Yes, newspapers are in trouble. Yes, they are how we used to get some semblance of accountability. But I”ve got two questions for you:
1. How has that been working for the last twenty years?
2. Where are you going to find $88B dollars?
I think this kind of thinking doesn’t see the change that’s occurring. If you really want to see accountability via the media, then work on making the new media more viable. It’s a lot cheaper than $88B.
The problems have to be solved for both questions I raised above. On the business side, sites like TPM get real news. They have advertisers, How does that model move faster into the mainstream? How do they get more revenue? How do their relationships with their reporters /contributors result in strong career paths for great investigators (and enough money for their kids to go to college)?
Second, access journalism and cowardly equivalency is a core problem that affects all media. How do we attack them? How do we discredit these memes at the places where they are propagated, in journalism schools, seminars and ethics fora?
When does President (or a Dick Cheney) get ridiculed for avoiding hard interviews?
At the other side of the media revolution there will not be $88B in foundations funding traditional newspapers. There will be something else, and the majority of the activity will have to be for-profit, or it will either be not self-sustaining or it will be owned by the Koch and Exxon foundations.
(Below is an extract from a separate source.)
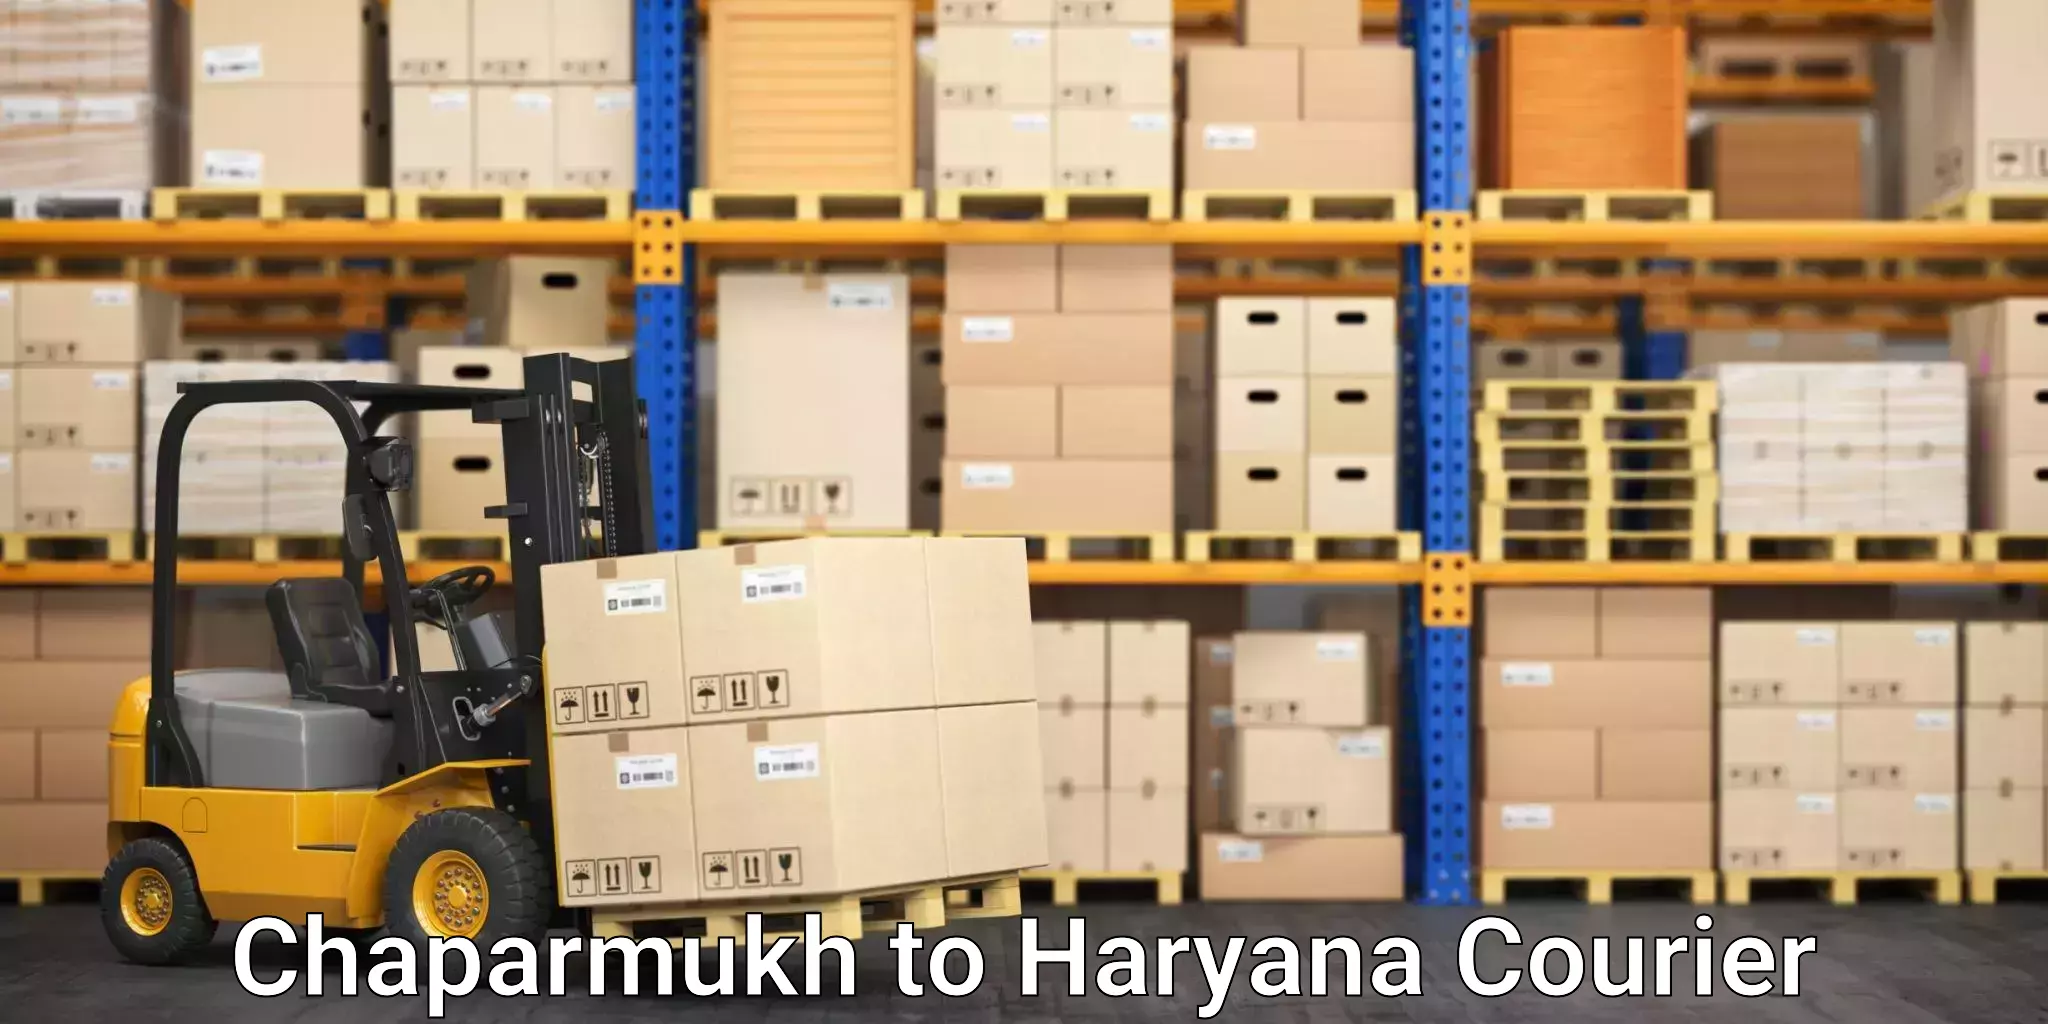 Smart logistics strategies Chaparmukh to Gurgaon
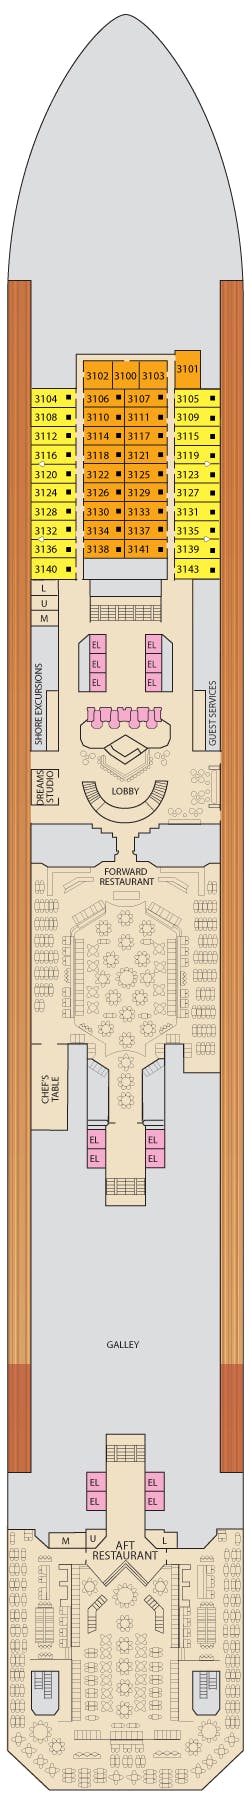 Lobby - Deck 3

The key is to make that new space meaningful, give it credibility, hold it accountable to seek the truth rather than serve private agendas, and have it serve people rather than the rich and powerful.
Wishing that newspapers won’t go away won’t help you get to that place.
licensed to kill time
__
When did DougJ become Akron DougJ ? What’s it all about, Akron?
ETA – ok, it’s Arkon, but…linky anyone?
freelancer
@ajr22:
Good to see that Wingnuts have taken the “ZOMG, we’re Victims!” card back from the fringe left.
What a bunch of p*ssies.
Punchy
He’s become a Zip?
freelancer
@licensed to kill time:
https://balloon-juice.com/2010/03/29/the-only-survivors-of-the-national-peoples-gang/
NobodySpecial
Eventually, you’re probably going to see reporters work on a for-profit model, not papers. Rather, you’ll pay the reporter, and he’ll report to you on what’s going on. We have the business models (PayPal, etc.), we just need the first trials.
licensed to kill time
@freelancer: Ah, it all becomes clear now. Linkythnx!
ThatLeftTurnInABQ
@Dollared:
Only the consumers of news can solve this problem. Ultimately we need better informed and more discriminating consumers of news than we have now, to reward good journalism and let the bad die on the vine. I’m doing what I can to educate my kids along these lines and pass the word over the watercooler at work, but beyond those grassroots efforts, I’m not holding my breath. If this change comes, it will be one of those long moral arc of the universe things.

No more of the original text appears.